Why has 3CX issued a warning to its customers?

3CX has warned customers to deactivate SQL Database integrations due to a potential vulnerability in versions 18 and 20 of their VOIP software, advising as a precaution to disable integrations with MongoDB, MsSQL, MySQL, and PostgreSQL databases.

3CX is a software-based private branch exchange (PBX) platform, offering Voice over Internet Protocol (VoIP) and other unified communications services.

Are there any specific details about the security issue in 3CX's advisory?

The security advisory from 3CX does not provide specific details about the nature of the security issue affecting its VOIP software.

What did Pierre Jourdan, CISO of 3CX, say about the vulnerability?

Pierre Jourdan, CISO of 3CX, noted that the impact of the vulnerability depends on the system's configuration and clarified that not all Web-Based CRM integrations are affected.

What previous incident is related to this warning from 3CX?

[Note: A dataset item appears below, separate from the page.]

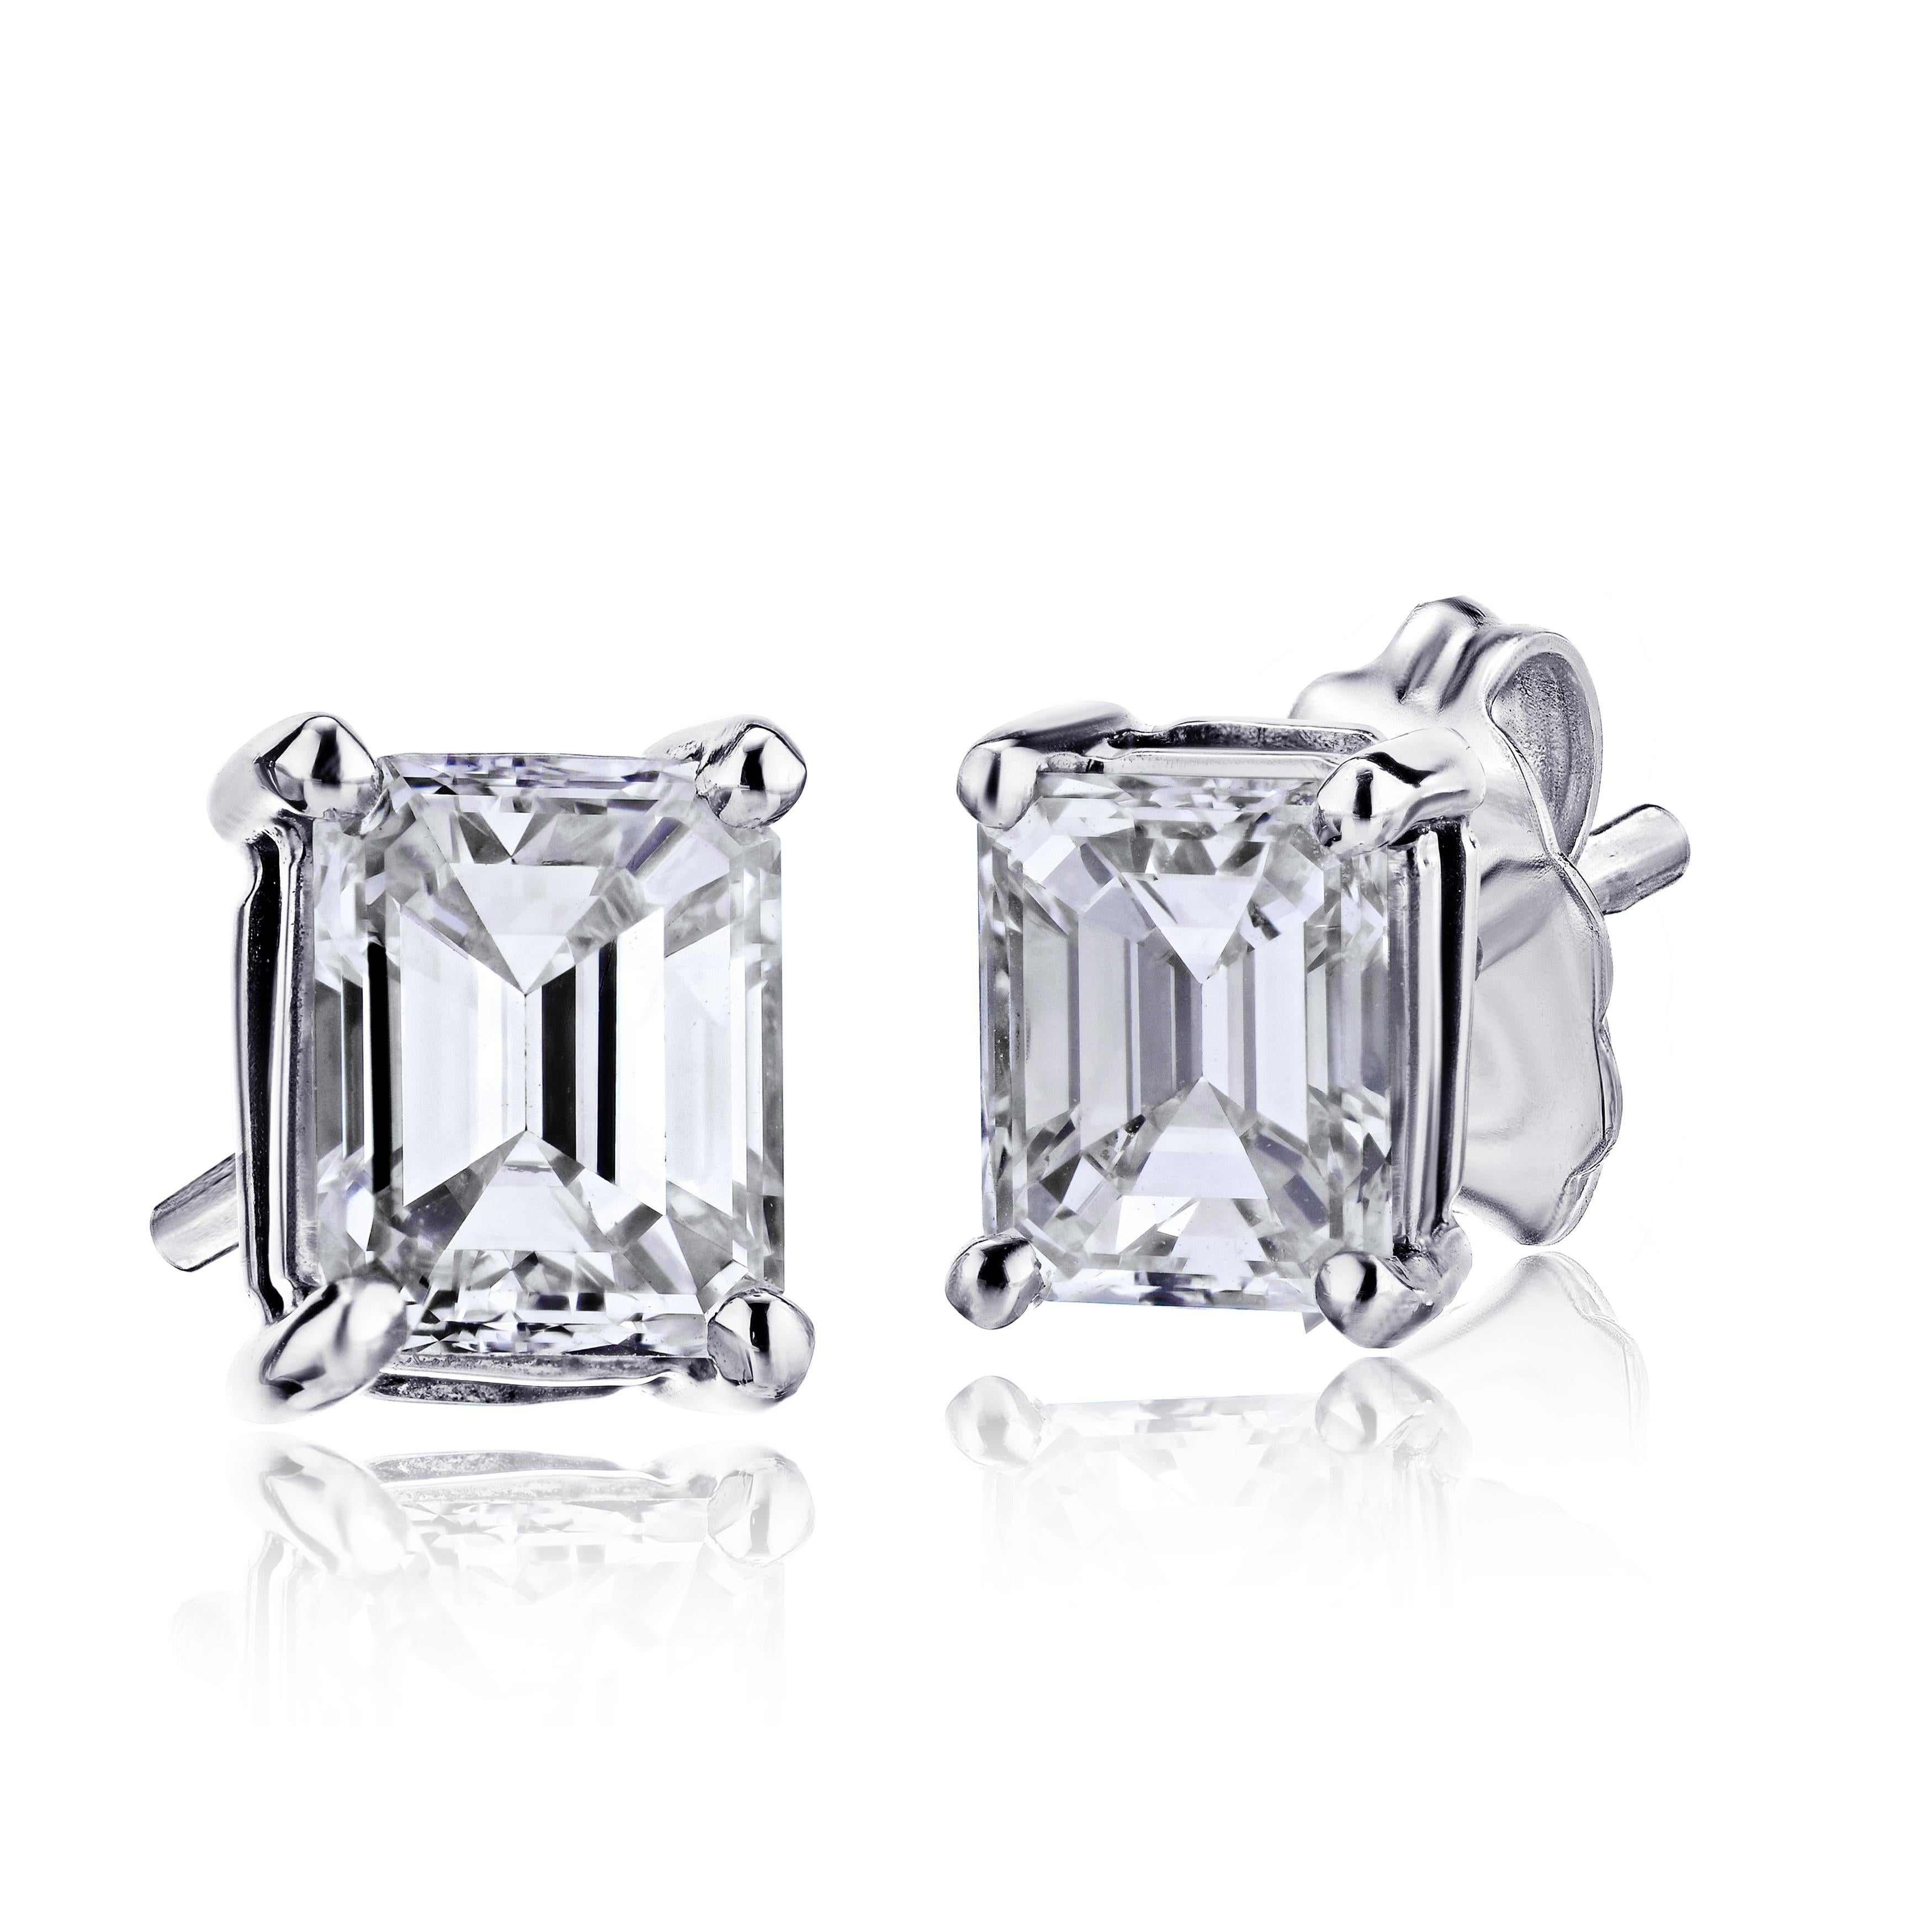 Contemporary GIA Certified Platinum Emerald Cut Diamond Earring Studs 1/2 Carat Total

This warning from 3CX follows a March 2023 incident where their desktop client was compromised in a supply chain attack, leading to malware distribution.

Incident

3CX VoIP warns of DB integration vulnerability, asks customers to disable DB integrations

published: Dec. 15, 2023

Take action: The advisory is very vague, and it's not clear what the vulnerability in 3CX related to DB integrations is. It's worth thinking about it since a VoIP service is very probably exposed to the internet. Per usual, if you are one of the companies using 3CX servers and have integrated with a database, lock down the management interface from the internet and consider disabling the DB integration. And start calling your 3CX contact to get more information.

Learn More

VoIP company 3CX has issued a warning to its customers, urging them to deactivate SQL Database integrations due to a potential vulnerability. 3CX is a software-based private branch exchange (PBX) platform for Voice over Internet Protocol (VoIP) and other unified communications services.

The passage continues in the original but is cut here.